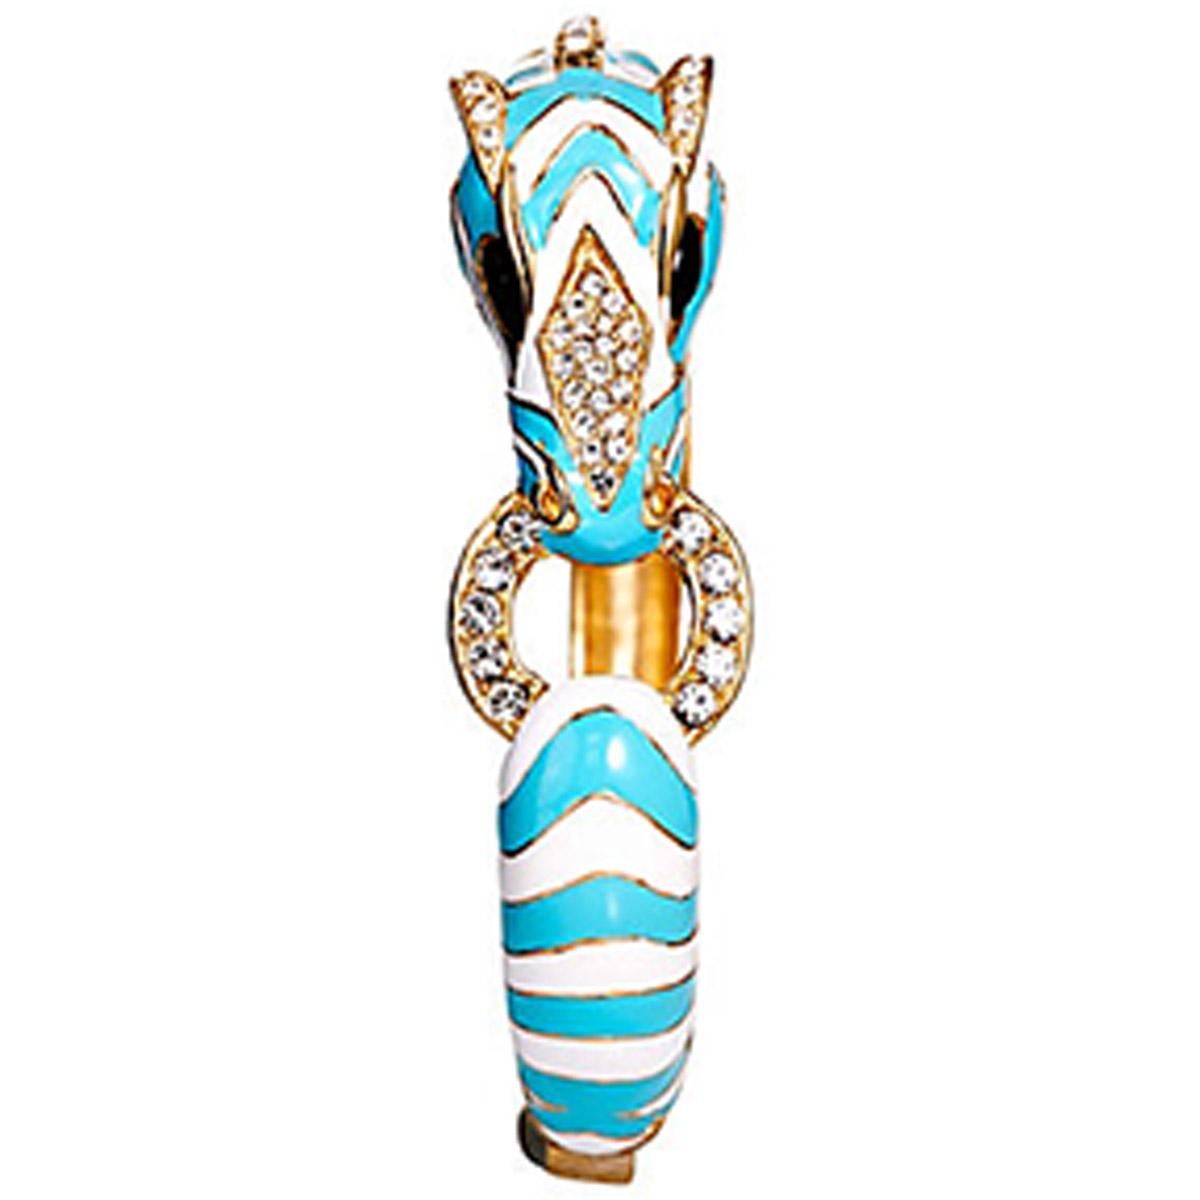 The CINER Zebra Animal Bracelet will be a striking addition to your jewelry collection! 

PLEASE NOTE: The pieces available are not vintage and are not reproductions. 
CINER uses original models to produce our jewelry today.
If you would like to
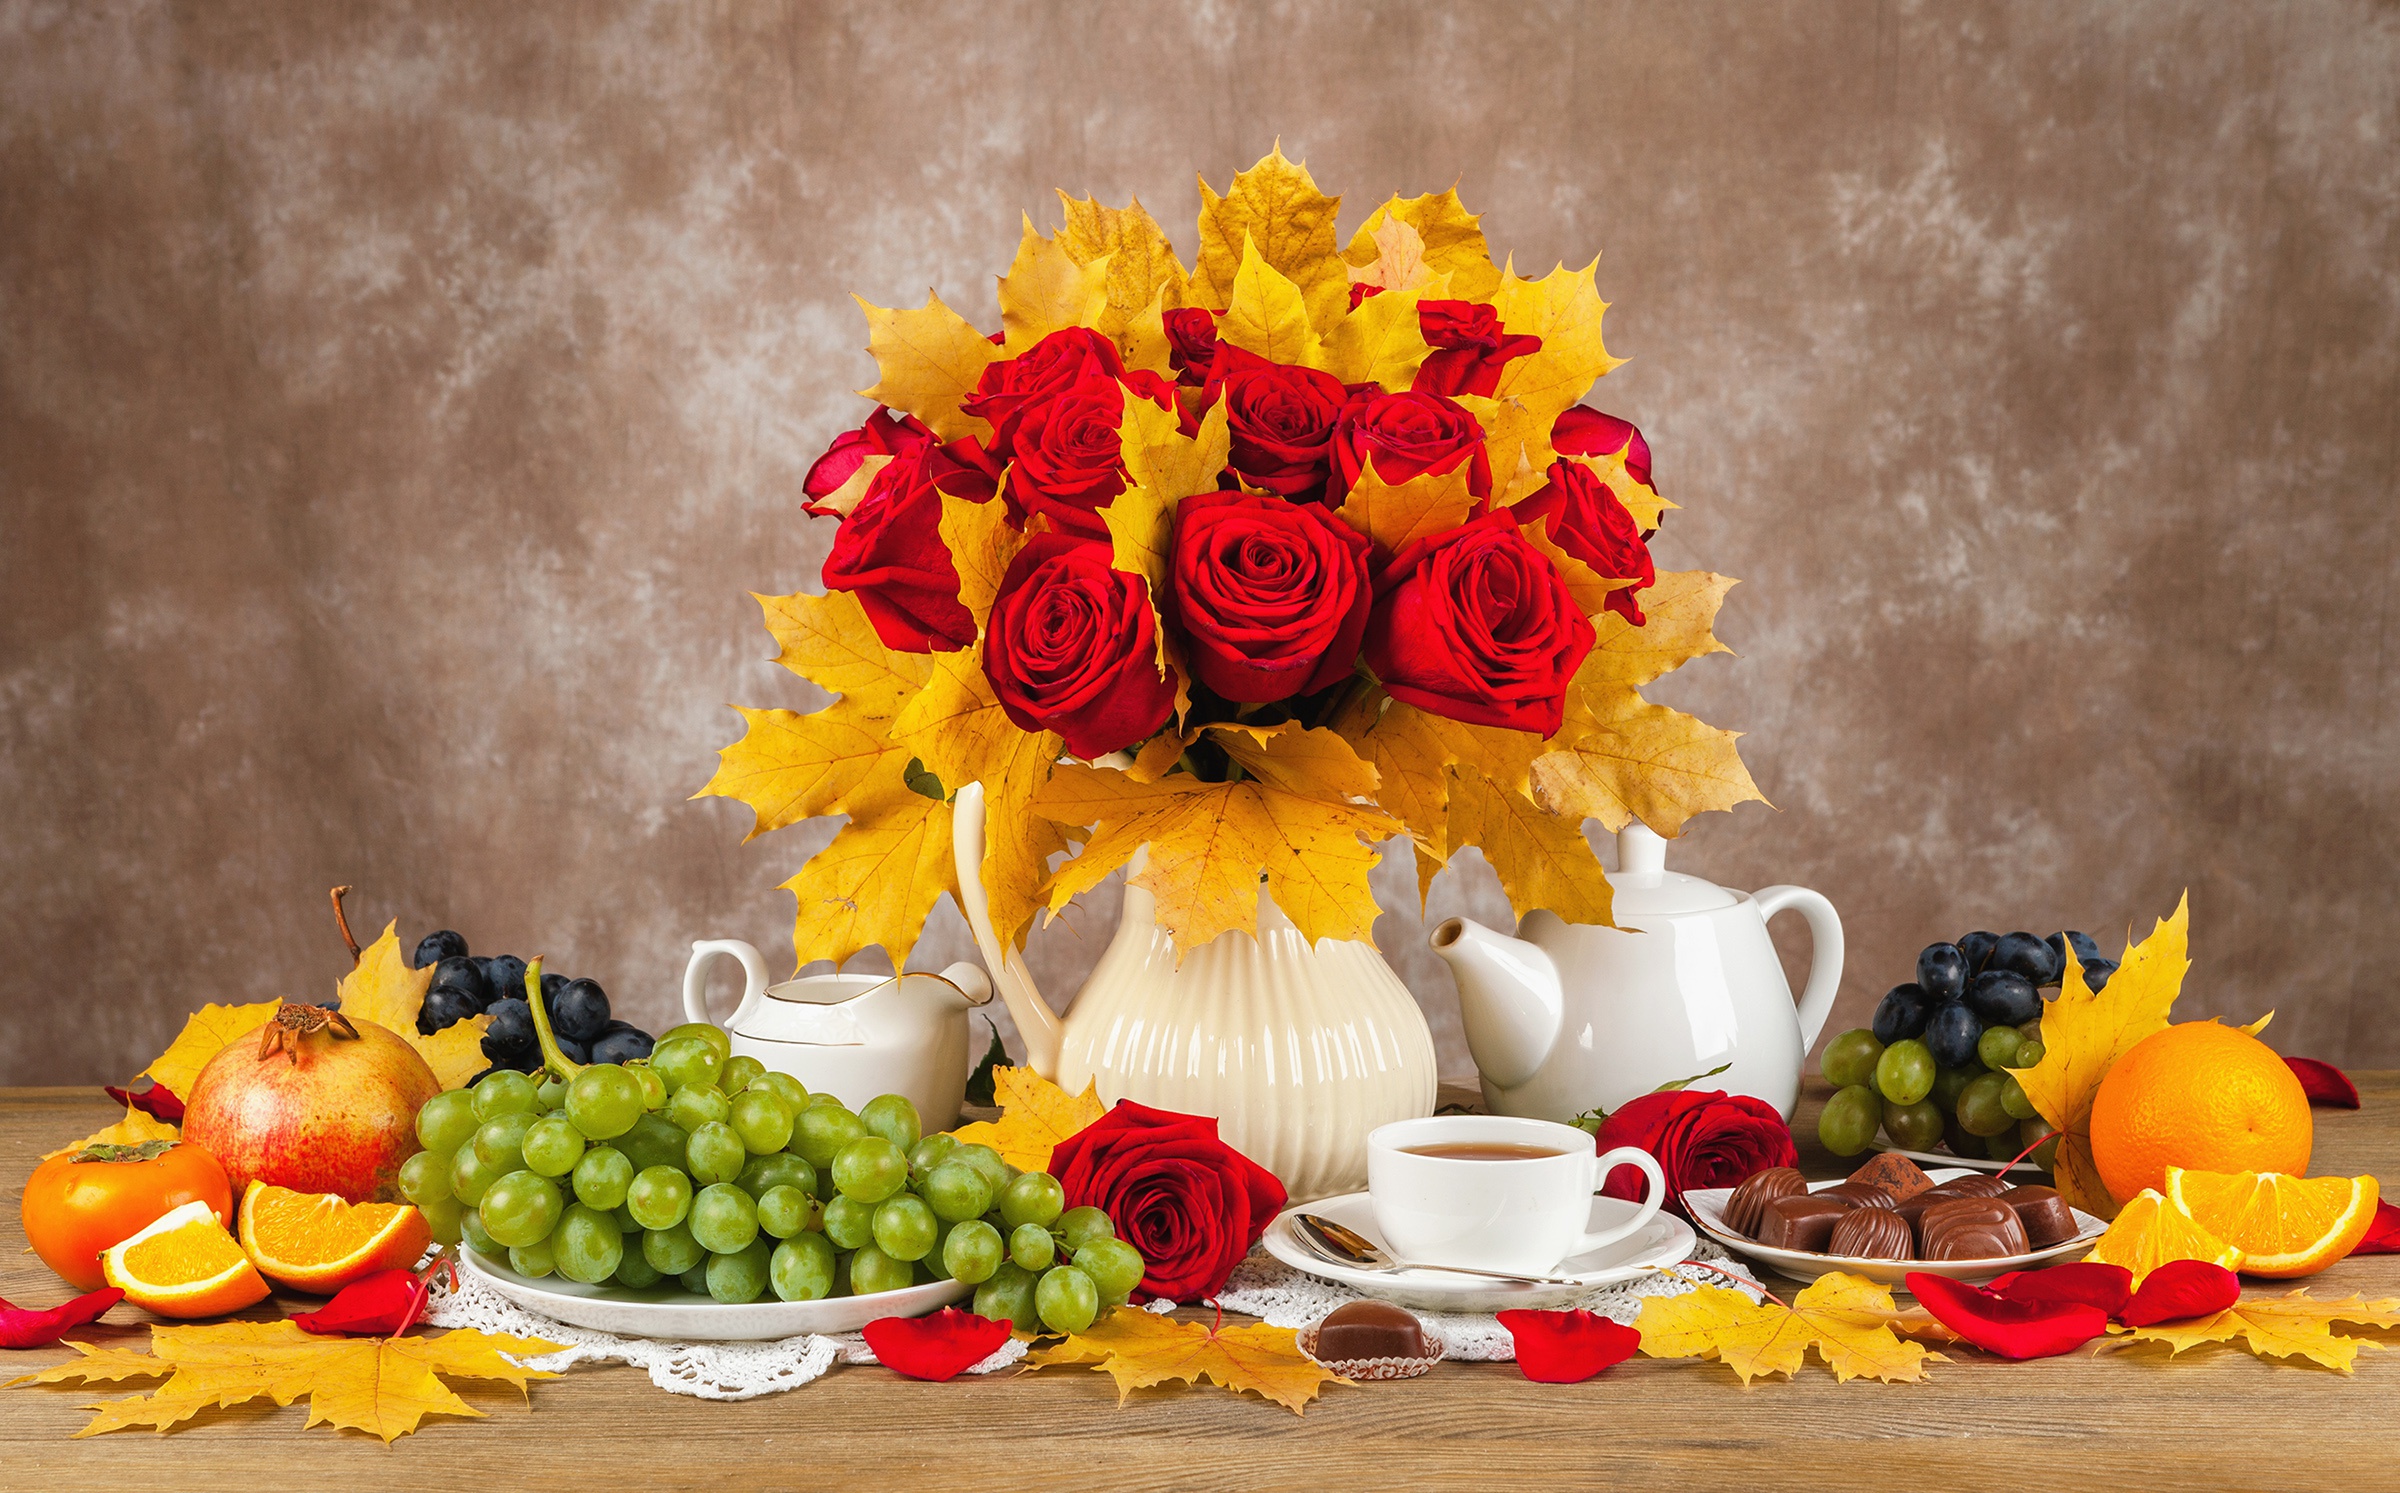 Fall Leaf Chocolate Rose Grapes Red Flower Vase Flower Fruit Pitcher 2400x1493

### [Exercise brief]
Without any pictures, return the material above exactly.

### [Response]
 The CINER Zebra Animal Bracelet will be a striking addition to your jewelry collection! 

PLEASE NOTE: The pieces available are not vintage and are not reproductions. 
CINER uses original models to produce our jewelry today.
If you would like to
 Fall Leaf Chocolate Rose Grapes Red Flower Vase Flower Fruit Pitcher 2400x1493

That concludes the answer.